The Schrödinger bridge is closely related to optimal transport and provides the theoretical foundation for flow matching (Week 7). The key difference from a normalizing flow is that the source distribution $p_0$ can be any distribution — not just a Gaussian. For generative modeling, the Schrödinger bridge connects the data distribution $p_1 = p_\text{data}$ to $p_0 = \mathcal{N}(0, I)$ via a minimum-entropy stochastic process. The resulting bridge defines a vector field that interpolates between the two distributions in a way that minimizes the total kinetic energy $\mathbb{E}[\int_0^1 \|v_t\|^2 dt]$ — the same objective that Optimal Transport Flow Matching optimizes (Course 2, Week 9 made use of this for real-time robot control via OT-CFM). This connection reveals that flow matching, OT-CFM, and Schrödinger bridges are all instances of the same minimum-kinetic-energy interpolation, differing only in whether the process is deterministic (flow matching), stochastic (Schrödinger bridge), or constrained to straight-line paths (rectified flow).

Practical considerations for flow architecture design#

Designing an effective normalizing flow requires balancing multiple constraints:

Depth vs. expressiveness: deeper flows can represent more complex distributions (since each layer adds a nonlinear transformation), but each additional layer increases memory consumption for backpropagation and increases the number of Jacobian determinants that must be computed. Empirically, 16–32 coupling layers are sufficient for high-quality image modeling; beyond that, gains diminish. The depth of the conditioner networks $s_\theta$ and $t_\theta$ matters less than the depth of the flow — using 3-layer ConvNets for conditioners is typical.

Masked convolutions and efficiency: in RealNVP, the checkerboard mask determines which pixels are transformed; channel masks apply the split at the channel level. Checkerboard splitting preserves spatial structure early in sampling but requires alternating with channel splits to allow information flow. Channel-first masks are faster (no spatial inefficiency) but require careful reshuffle between layers. Modern implementations use $1 \times 1$ invertible convolutions (Glow) or learned permutations to allow the model to discover optimal split patterns rather than using fixed masking.
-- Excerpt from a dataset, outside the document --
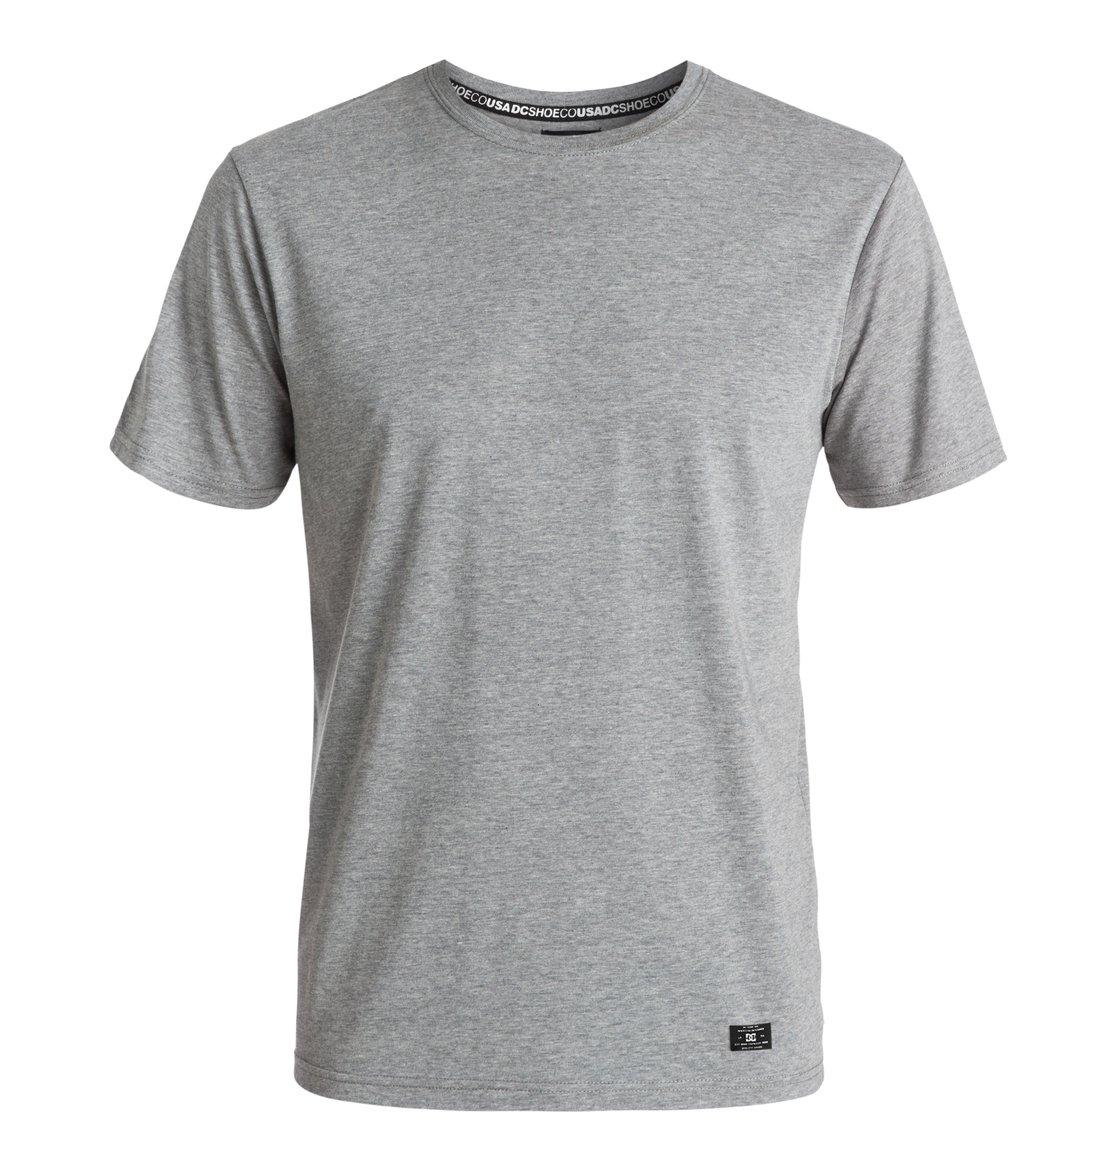 Basic - T-shirt 3613370588978 | DC Shoes

Initialization strategies: initializing a normalizing flow to be near-identity is critical. If $s_\theta(x_A) \approx 0$ and $t_\theta(x_A) \approx 0$ at initialization, the coupling layer is close to the identity transformation. This ensures the flow starts with reasonable log-Jacobian values (near zero) and avoids exploding or vanishing Jacobians early in training. Techniques: zero-initialize the final layer of $s_\theta$ and $t_\theta$ , use small weight initialization for conditioner networks, or apply a scaling factor to the output of conditioners.

Flow inversion for synthesis: sampling from a flow requires computing the inverse transformation at each coupling layer. Some architectures support exact inverse computation (affine coupling layers, autoregressive flows); others require solving an equation or iterative refinement (neural ODEs via ODE solvers). For real-time generation, exact invertibility is essential — neural ODEs, while theoretically elegant, are slower than discrete coupling layers.

Likelihood-free estimation: while flows provide exact likelihoods, computing the likelihood for a large batch is memory-intensive. For big datasets, sampling-based evaluation (estimating likelihoods via importance sampling or variational bounds) can be more efficient than exact computation.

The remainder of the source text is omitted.